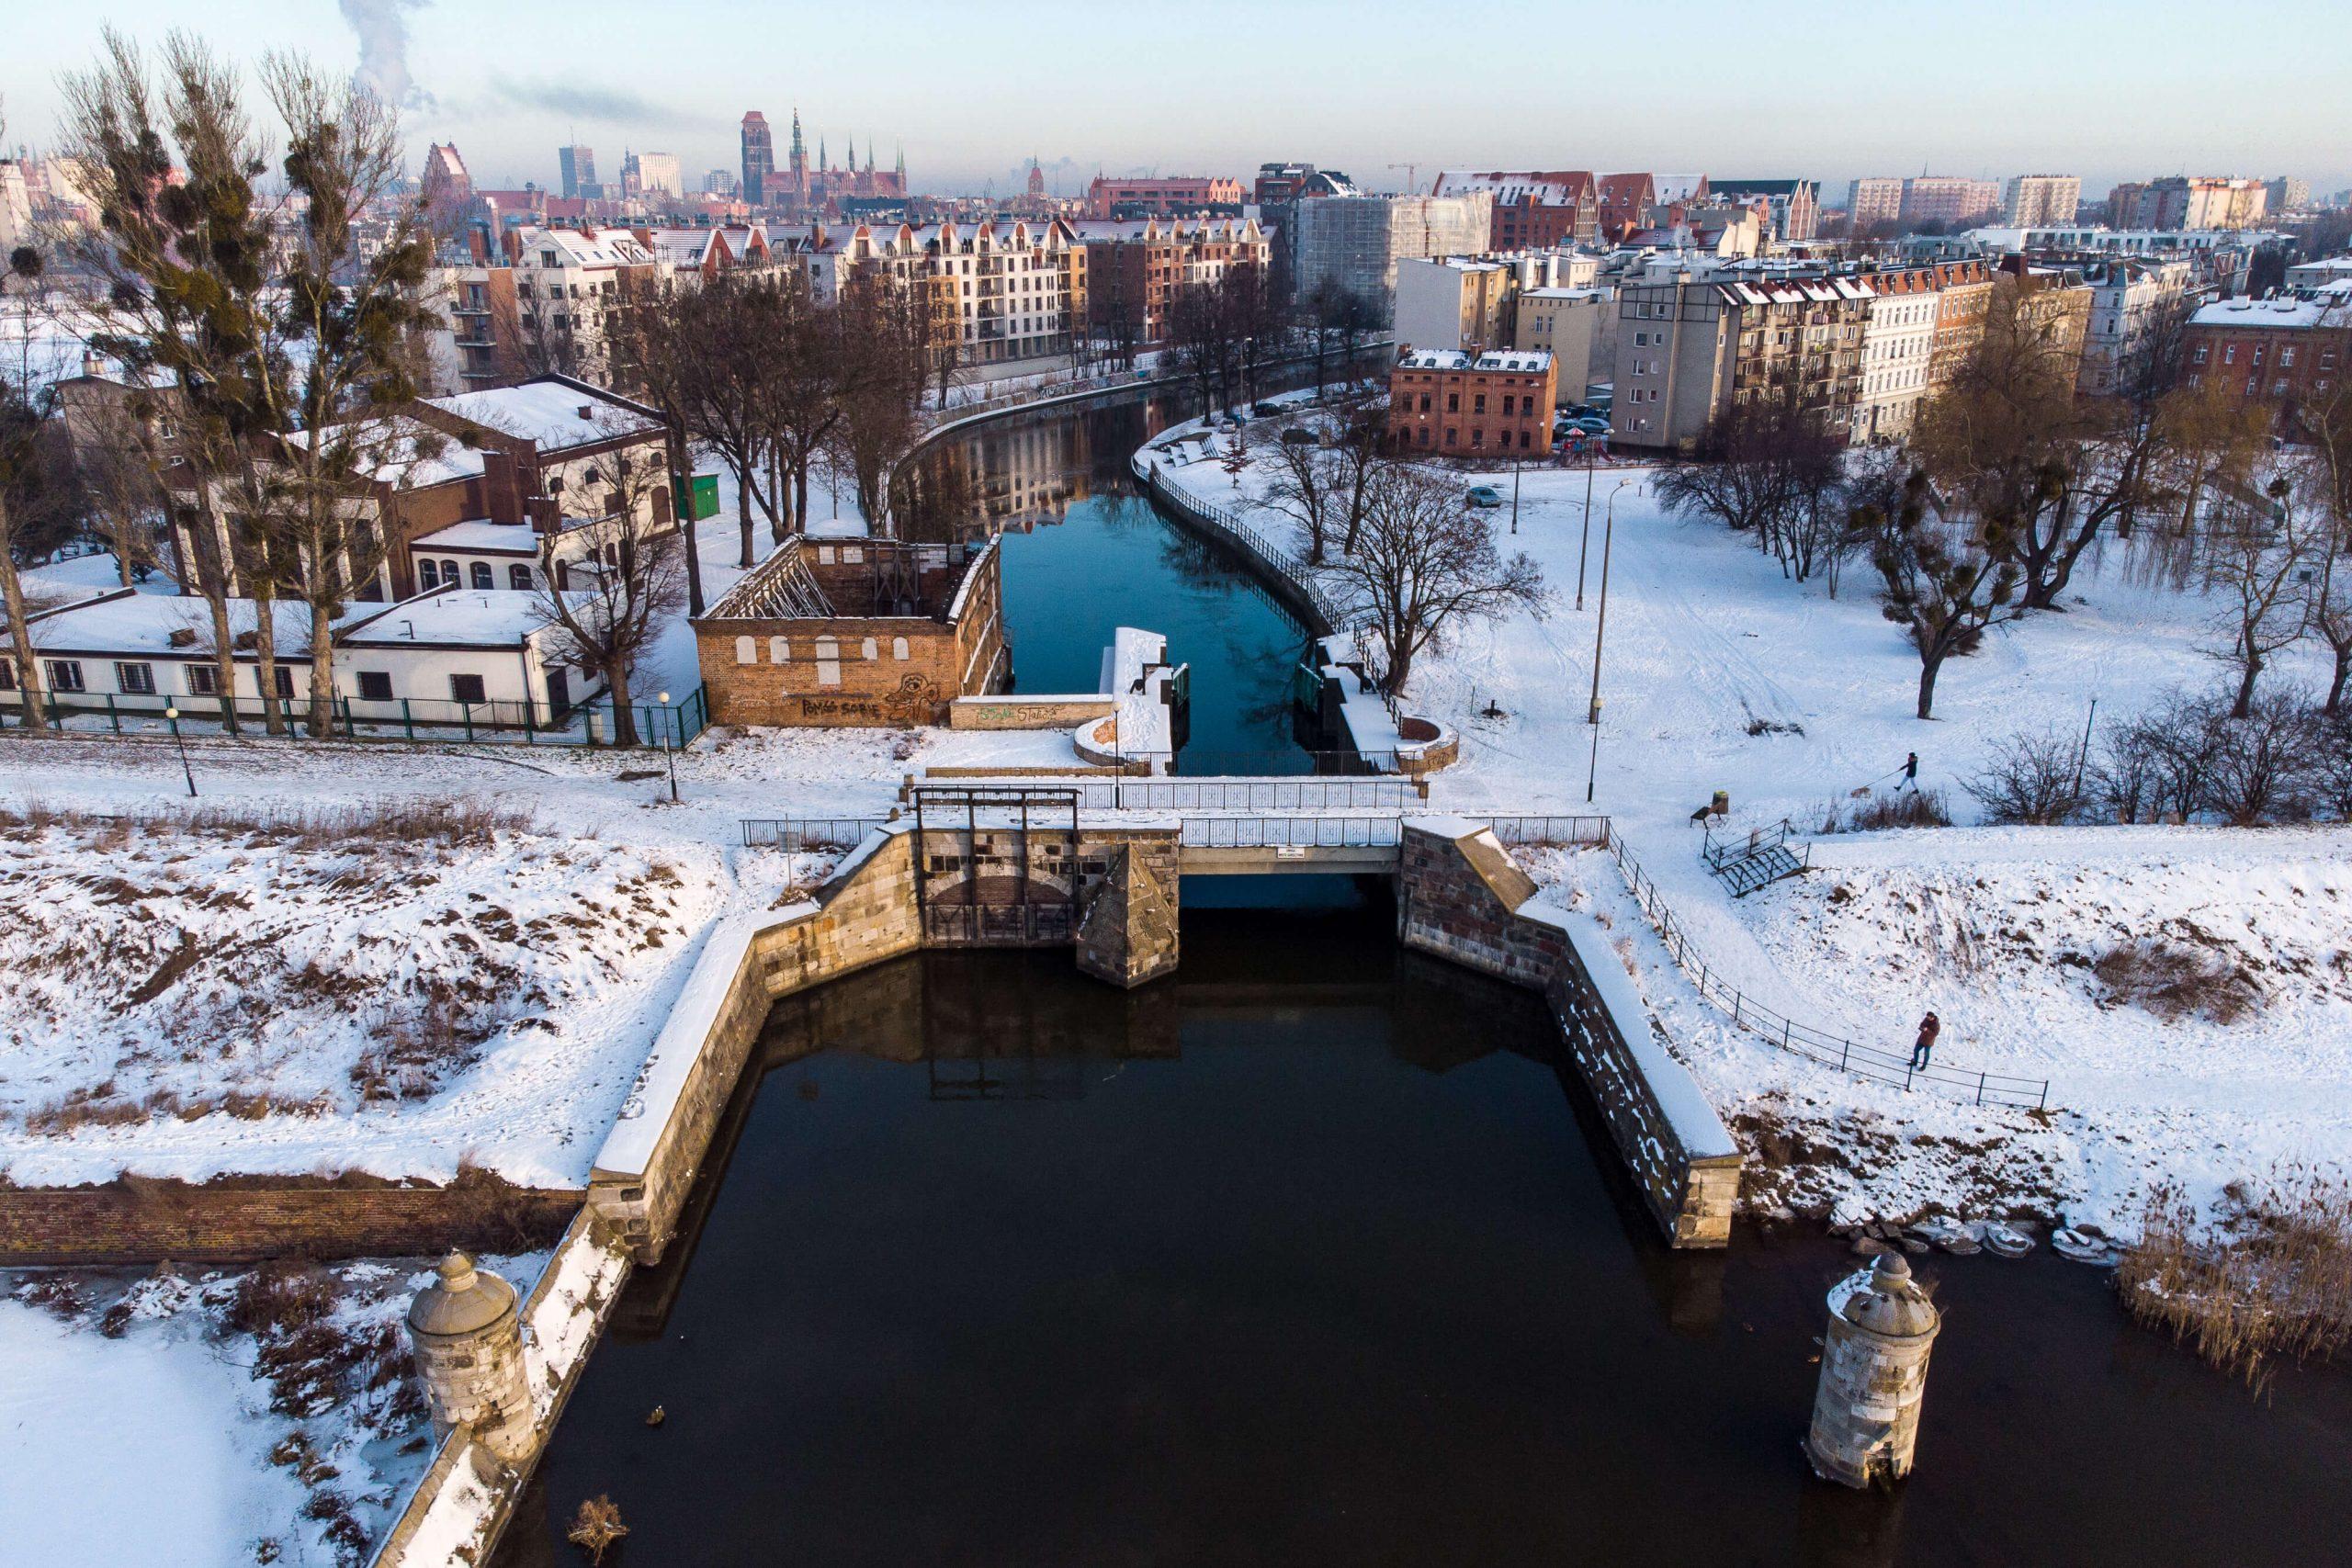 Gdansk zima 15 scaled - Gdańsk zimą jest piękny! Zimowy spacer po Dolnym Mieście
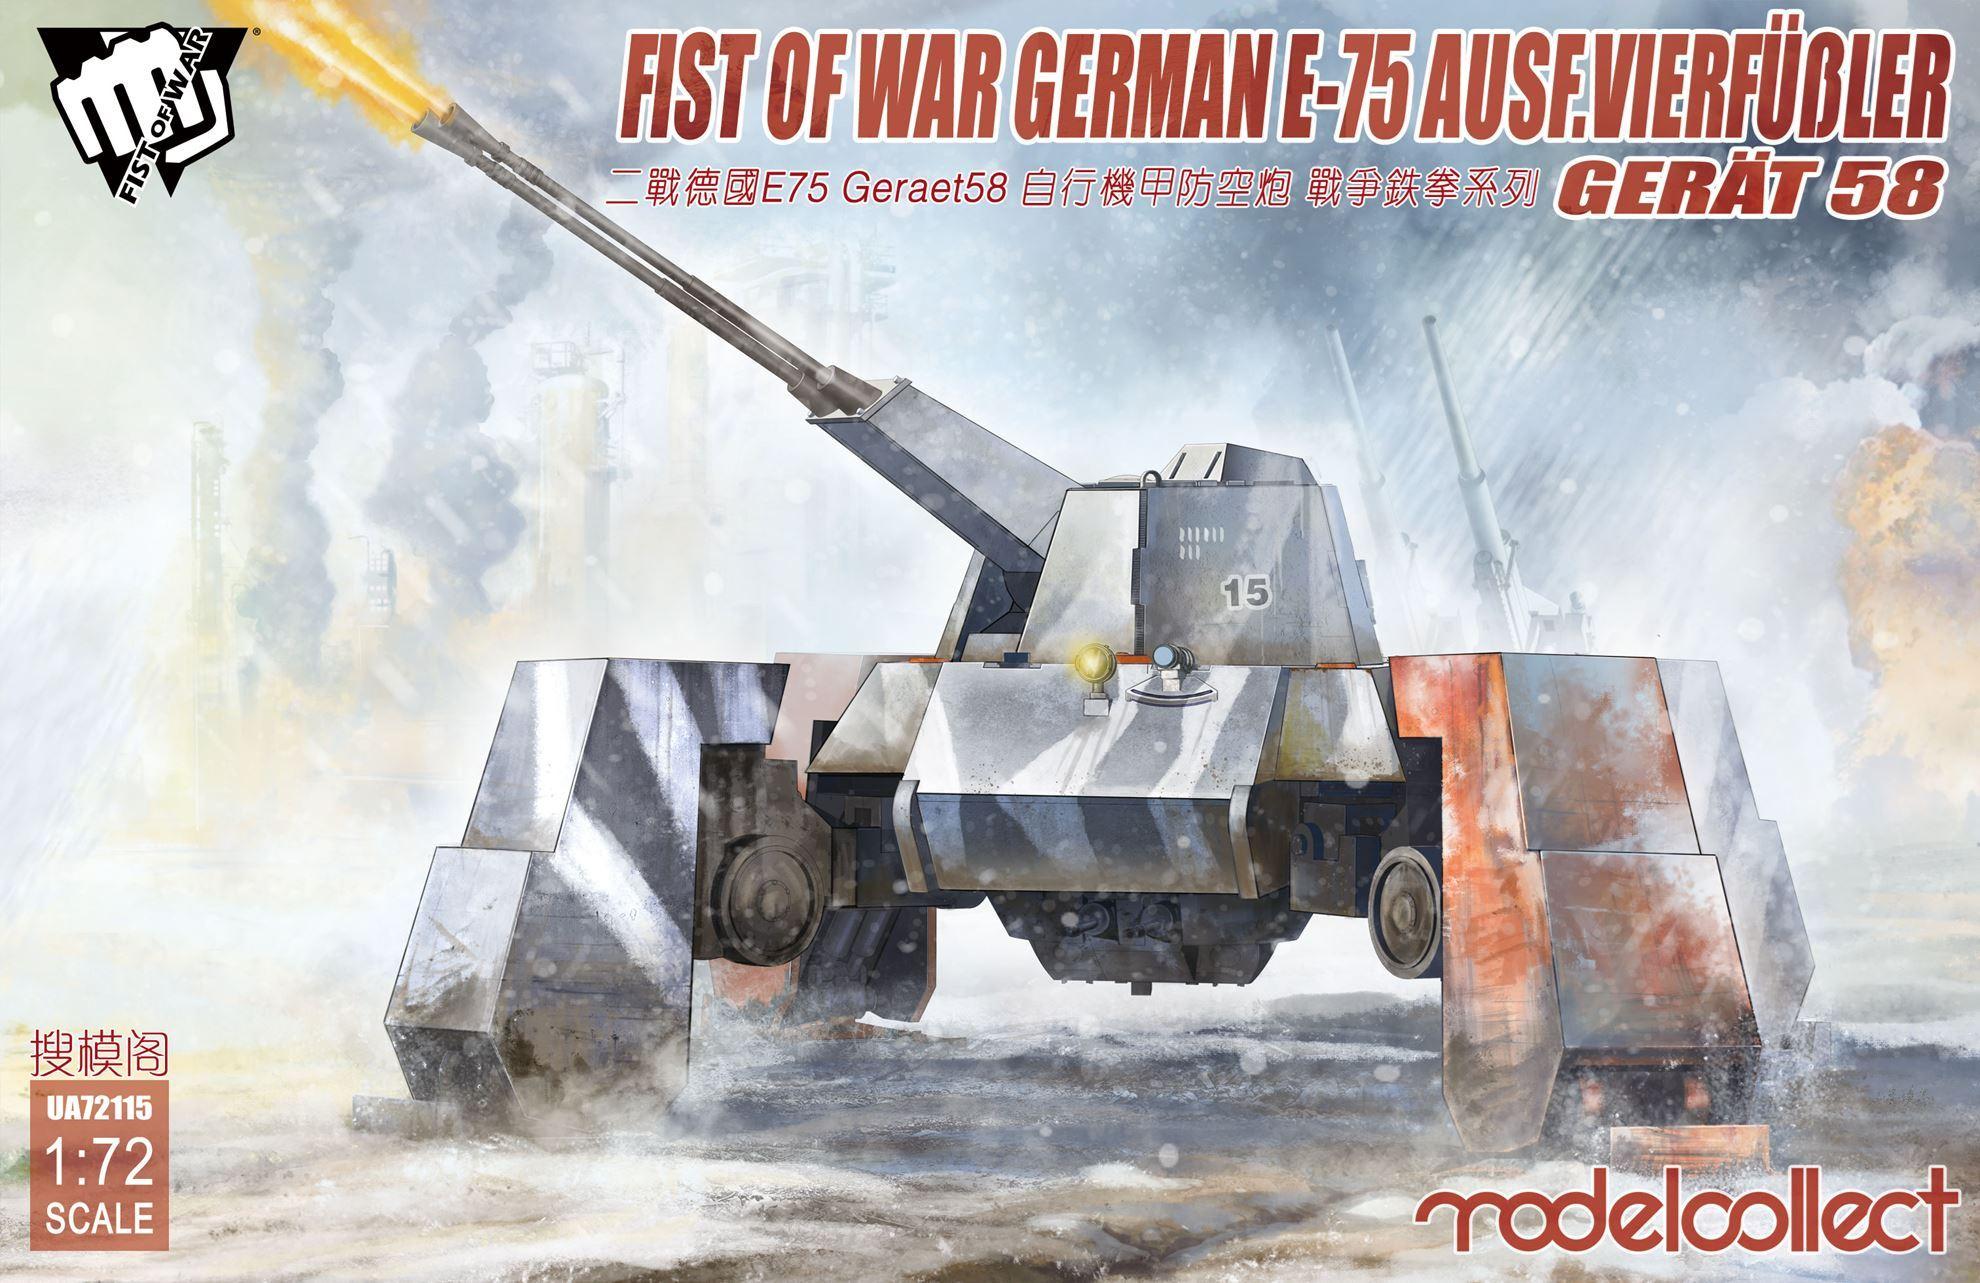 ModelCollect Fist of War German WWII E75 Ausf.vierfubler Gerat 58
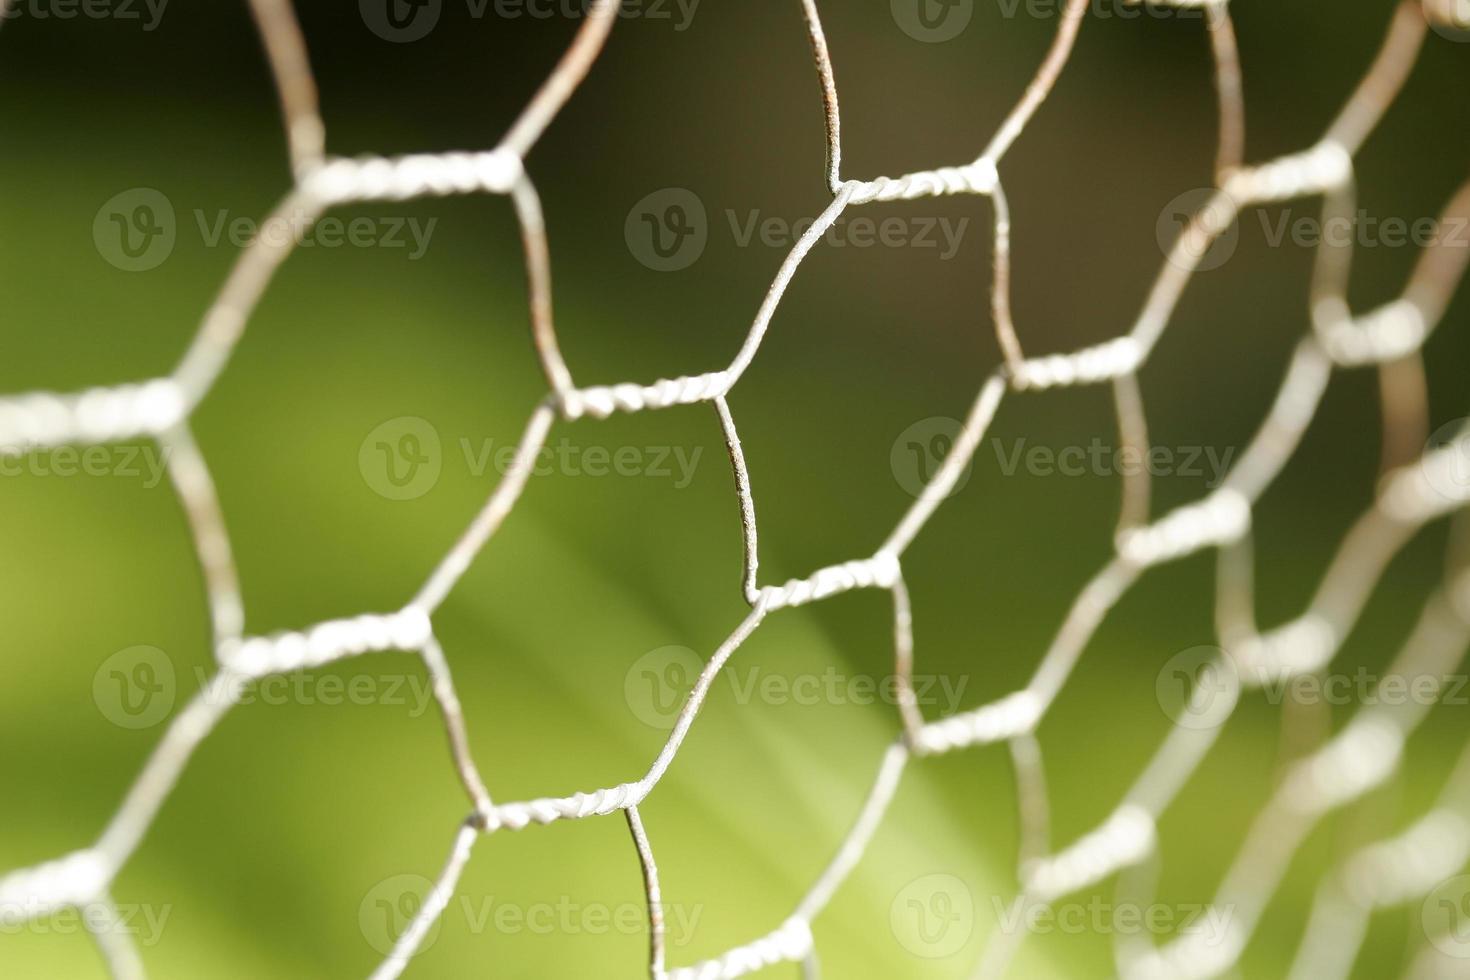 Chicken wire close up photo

◆ THE PROBLEM
Set down the material above exactly as it reads, but not its pictures.

◆ ANSWER BELOW
 Gdansk zima 15 scaled - Gdańsk zimą jest piękny! Zimowy spacer po Dolnym Mieście
 ModelCollect Fist of War German WWII E75 Ausf.vierfubler Gerat 58
 Chicken wire close up photo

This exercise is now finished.